Federal Employees Must Challenge Adverse Employment Actions Pursuant to the Procedural Route Prescribed by the Civil Service Reform Act

On June 11, 2012, in a 6-3 opinion authored by Justice Thomas, the U.S. Supreme Court held that the Civil Service Reform Act of 1978 (CSRA) provides the exclusive avenue to judicial review even when a qualifying federal employee challenges an adverse employment action by arguing that a federal statute is unconstitutional.

In Elgin, et al. v. Department of Treasury, et al., all of the petitioners were male federal employees who were fired for failing to register for the Selective Service. The Military Selective Service Act requires, with few exceptions, that all male U.S. citizens between the ages of 18 and 25 register for the draft. A different federal law bars from civil service anyone who knowingly refused to do so.

Mr. Elgin and the other petitioners challenged their firings in a suit in Federal District Court. They argued that they should not have been fired because the Military Selective Service Act and the federal law barring them from civil service for knowingly refusing to register are unconstitutional. The Federal District Court denied petitioners' constitutional claims on the merits.
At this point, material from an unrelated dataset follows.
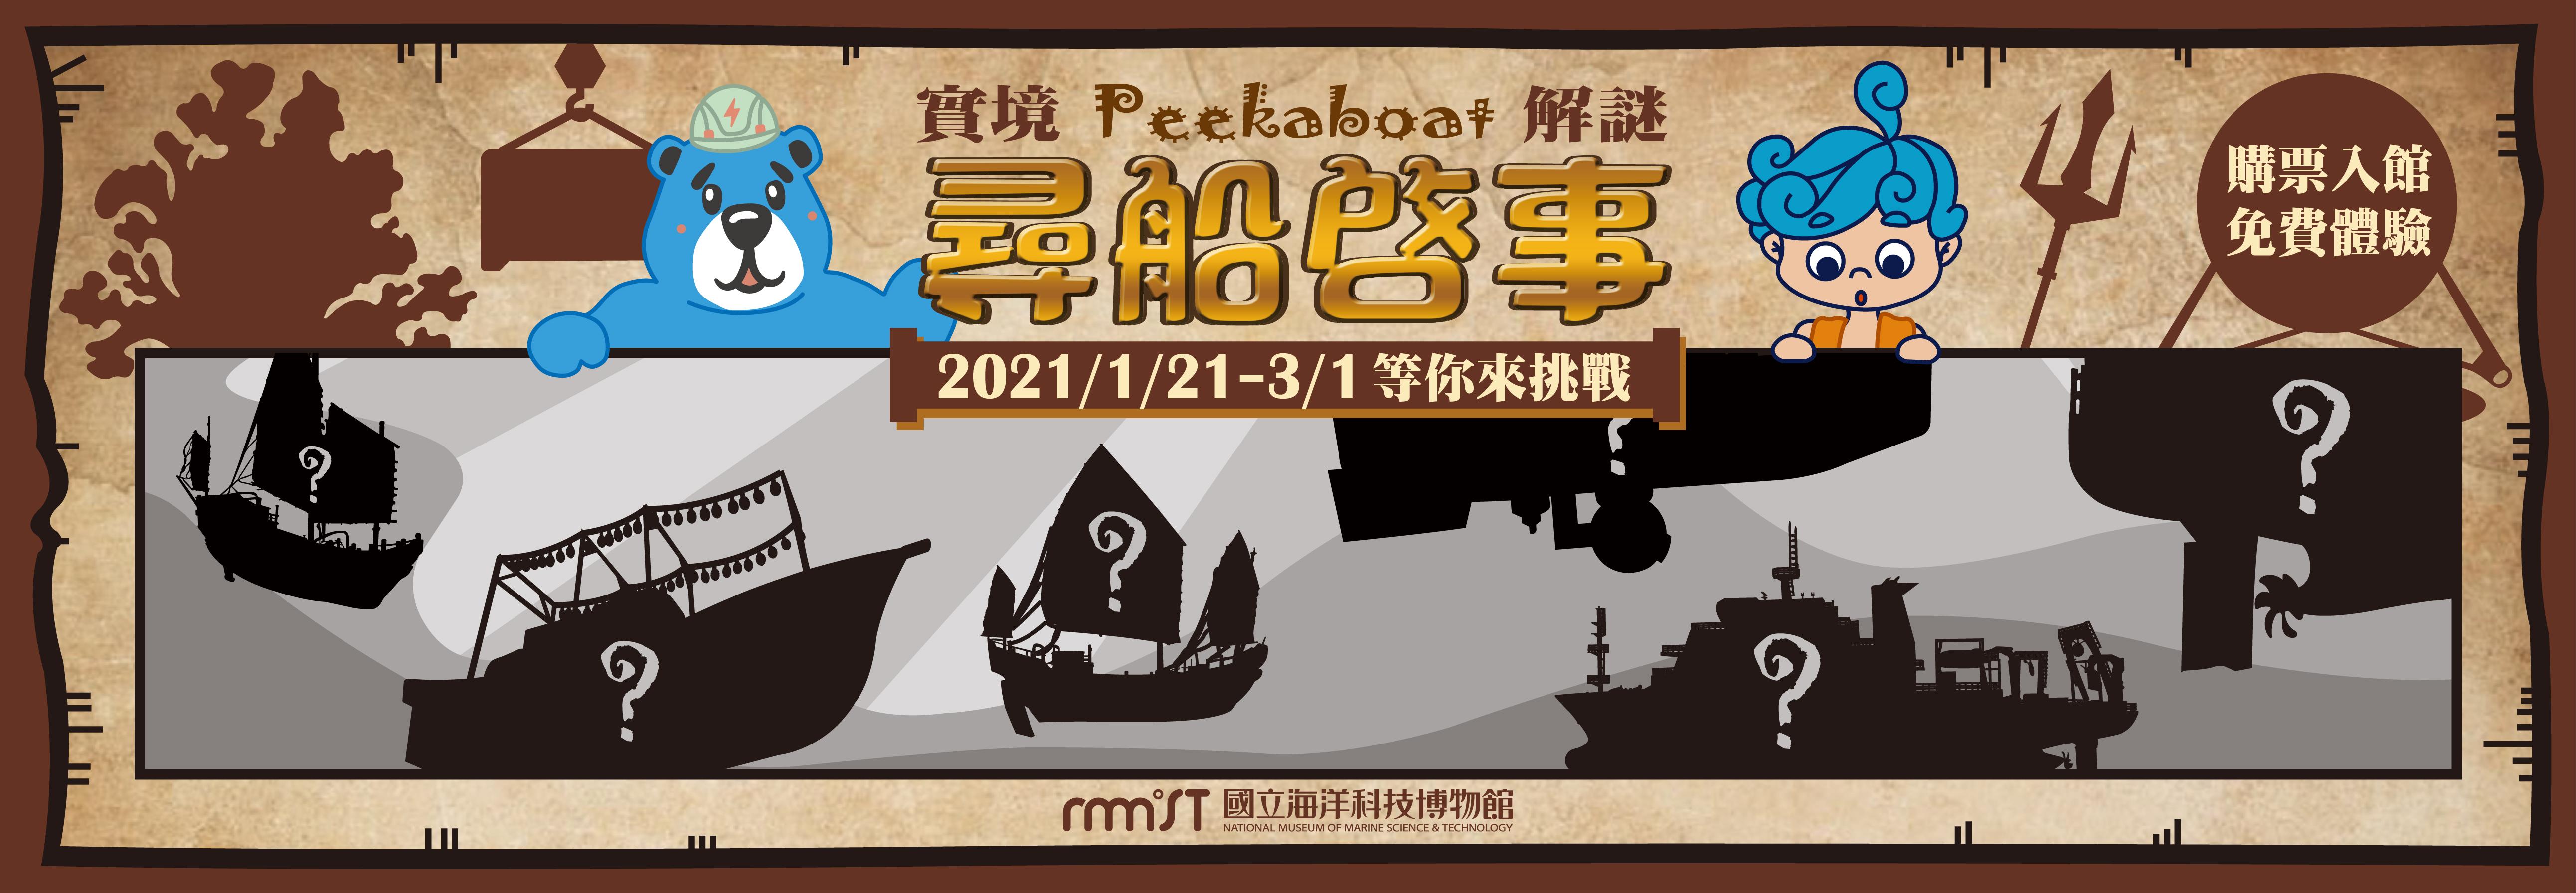 海科館-主題實境遊戲 – 尋船啓事Peekaboat

The First Circuit vacated and remanded with instructions to dismiss for lack of jurisdiction. The First Circuit held that challenges to a removal are not exempt from the CSRA review scheme simply because an employee challenges the constitutionality of the statute authorizing the removal.

The U.S. Supreme Court agreed to hear the case to decide whether the CSRA precludes District Court jurisdiction over the petitioners’ claims even though they are constitutional claims for equitable relief. In other words, the issue was not whether petitioners’ constitutional challenge was correct, but rather how petitioners get to raise their challenge. To that end, the Supreme Court concluded that it is “fairly discernable” from the CSRA’s text, structure and purpose that Congress intended that petitioners must first bring their claims to the Merit Systems Protection Board (MSPB), rather than District Court, even if the MSPB cannot declare a law unconstitutional. The Supreme Court reasoned that even if the MSPB cannot decide a constitutional question, the Federal Circuit that reviews MSPB decisions could. Therefore, there is no reason to believe that Congress meant to allow litigants like petitioners to bypass the procedure it created for most other employment-related claims.

This case is obviously of great interest to federal employers, employees, and their respective representatives. However, it will also be interesting to see what impact, if any, this decision has on future employment-related matters that come before the U.S. Supreme Court.